December 9, 2020 - According to the latest report from the Global Polio Eradication Initiative, 4 countries reported additional polio cases involving vaccine-derived polio. Pakistan: five WPV1 positive environmental samples, six cVDPV2 cases, and eight cVDPV2 positive environmental samples; Central African Republic: one cVDPV2 case; Chad: nine cVDPV2 cases; Somalia: one cVDPV2 case.
December 9, 2020 - Scientists evaluated the two nOPV2 candidates in parallel clinical studies in adults, young children, and infants in two different countries to assess their safety and immunogenicity compared with the licensed Sabin mOPV2 designed to replace them. Designed to be more genetically stable than the licensed Sabin oral vaccine, the new vaccine appears safe. In addition, according to the research published in The Lancet, it provides similar immune responses when tested in healthy adults, children, and infants.

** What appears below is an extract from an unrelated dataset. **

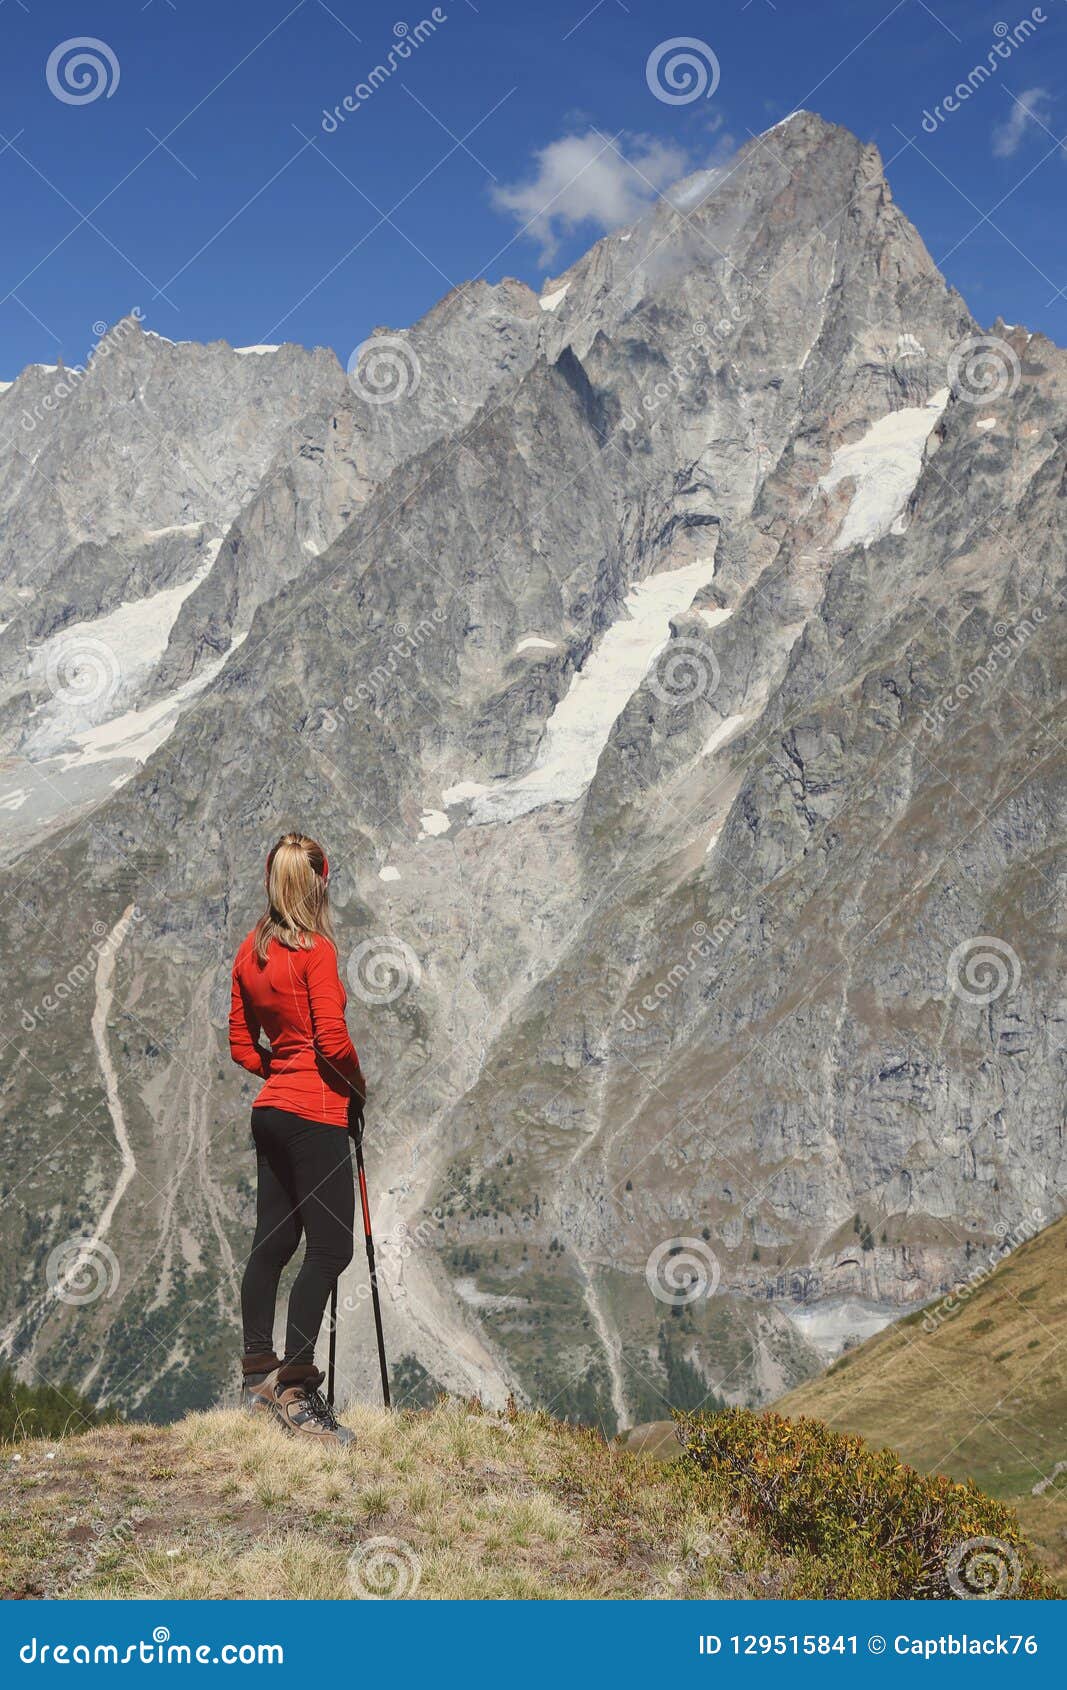 hiker woman looking at mountain

November 13, 2020 - The WHO issued an Emergency Use Listing recommendation for the type 2 novel oral polio vaccine (nOPV2).
June 4, 2020 - The world’s largest company devoted exclusively to the research and manufacture of vaccines has discontinued their Poliovax vaccine production, which is produced using a cell line from an aborted child.
December 11, 2019 - FDA: Poliovirus Vaccine Inactivated (Monkey Kidney Cell). IPOL vaccine is indicated for active immunization of infants (as young as 6 weeks of age), children, and adults to prevent poliomyelitis caused by poliovirus types 1, 2, and 3.
March 25, 2015 - Sanofi Pasteur announced that the U.S. FDA approved the use of Quadracel™ (Diphtheria and Tetanus Toxoids and Acellular Pertussis Absorbed and Inactivated Poliovirus; DTaP-IPV) vaccine for active immunization against diphtheria, tetanus, pertussis, and poliomyelitis in children 4 through 6 years of age.